__Problem to solve__: Give the data again in full, without pictures.
[Given information — start]
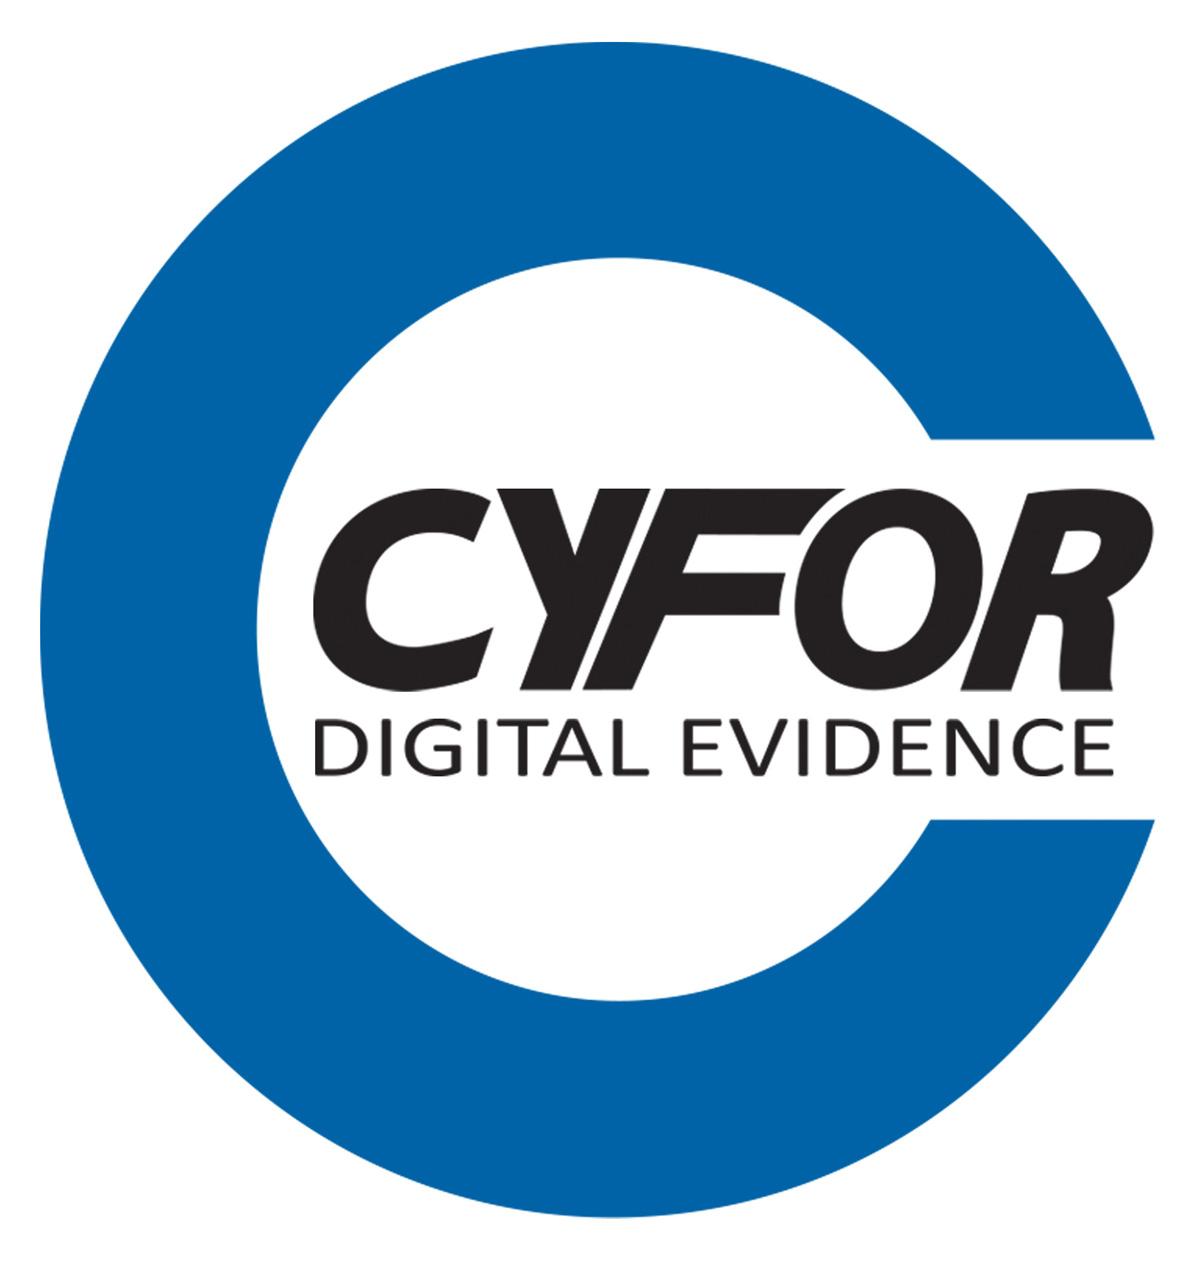 cyfor new logo
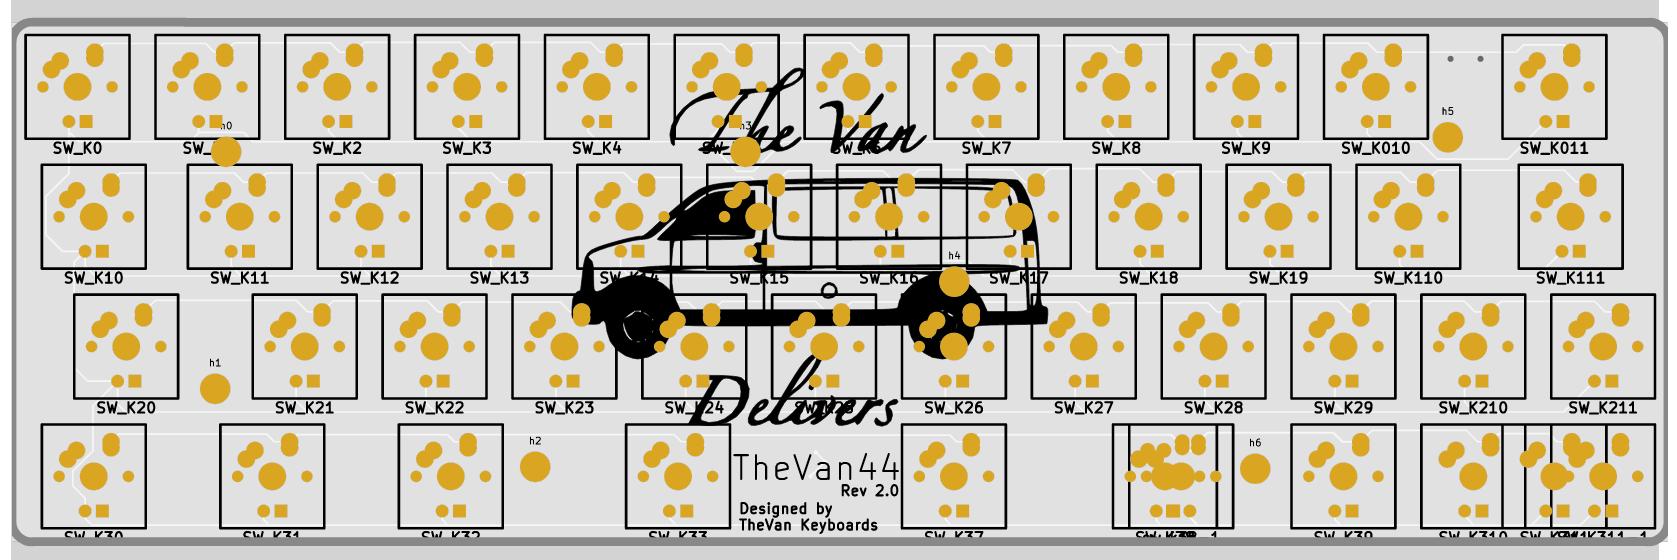 TheVan44 Rev 2.0 front render
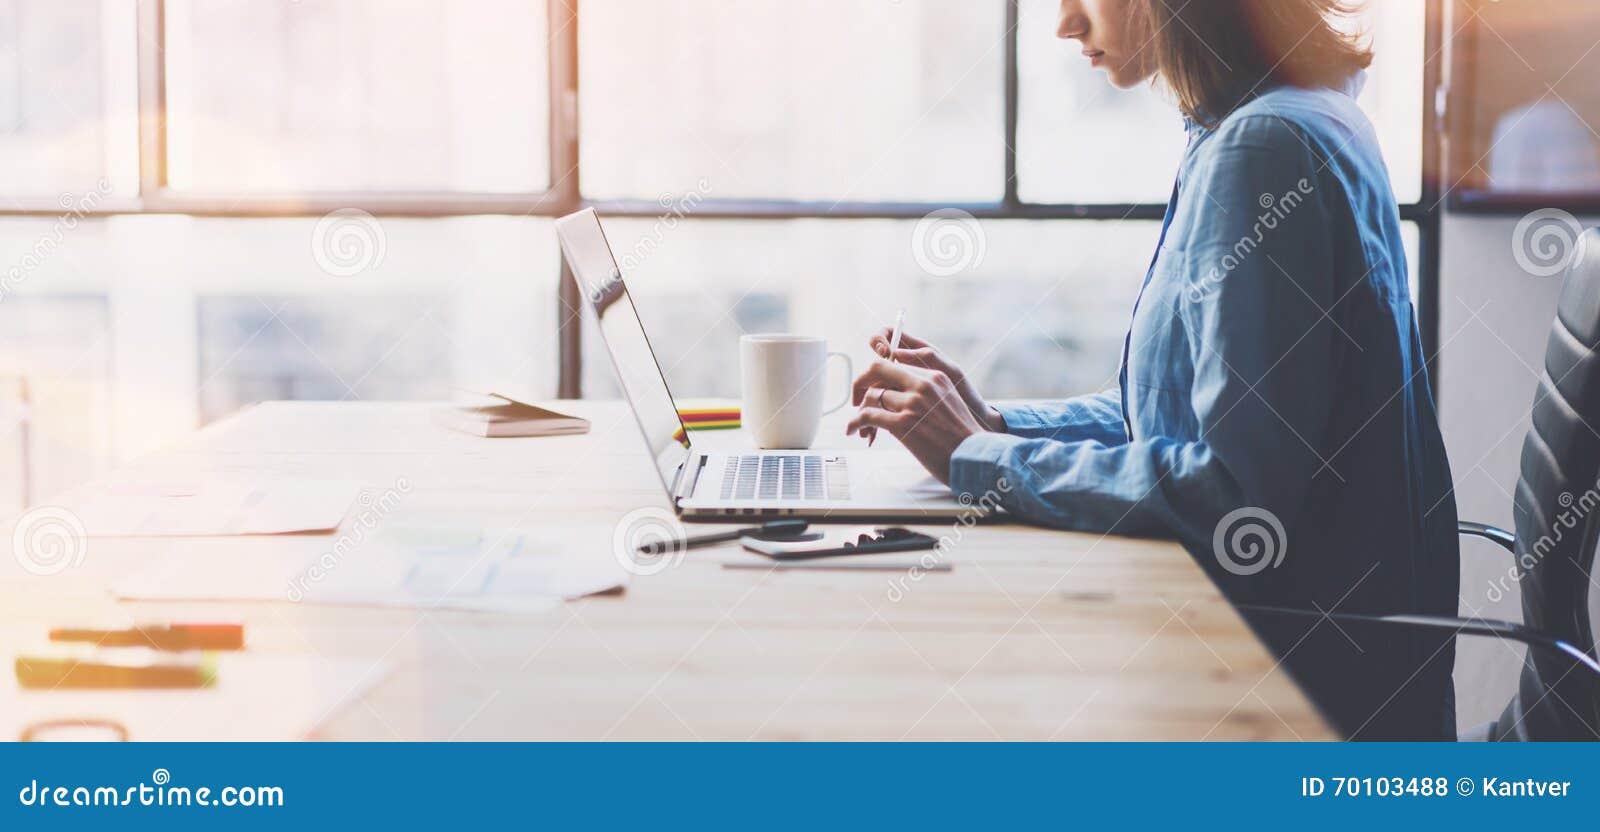 Ufficio moderno trattato di lavoro Tavola di legno di lavoro del responsabile di finanza dei giovani con la nuova partenza di aff
[Given information — finish]
__Output for this task__:
 cyfor new logo
 TheVan44 Rev 2.0 front render
 Ufficio moderno trattato di lavoro Tavola di legno di lavoro del responsabile di finanza dei giovani con la nuova partenza di aff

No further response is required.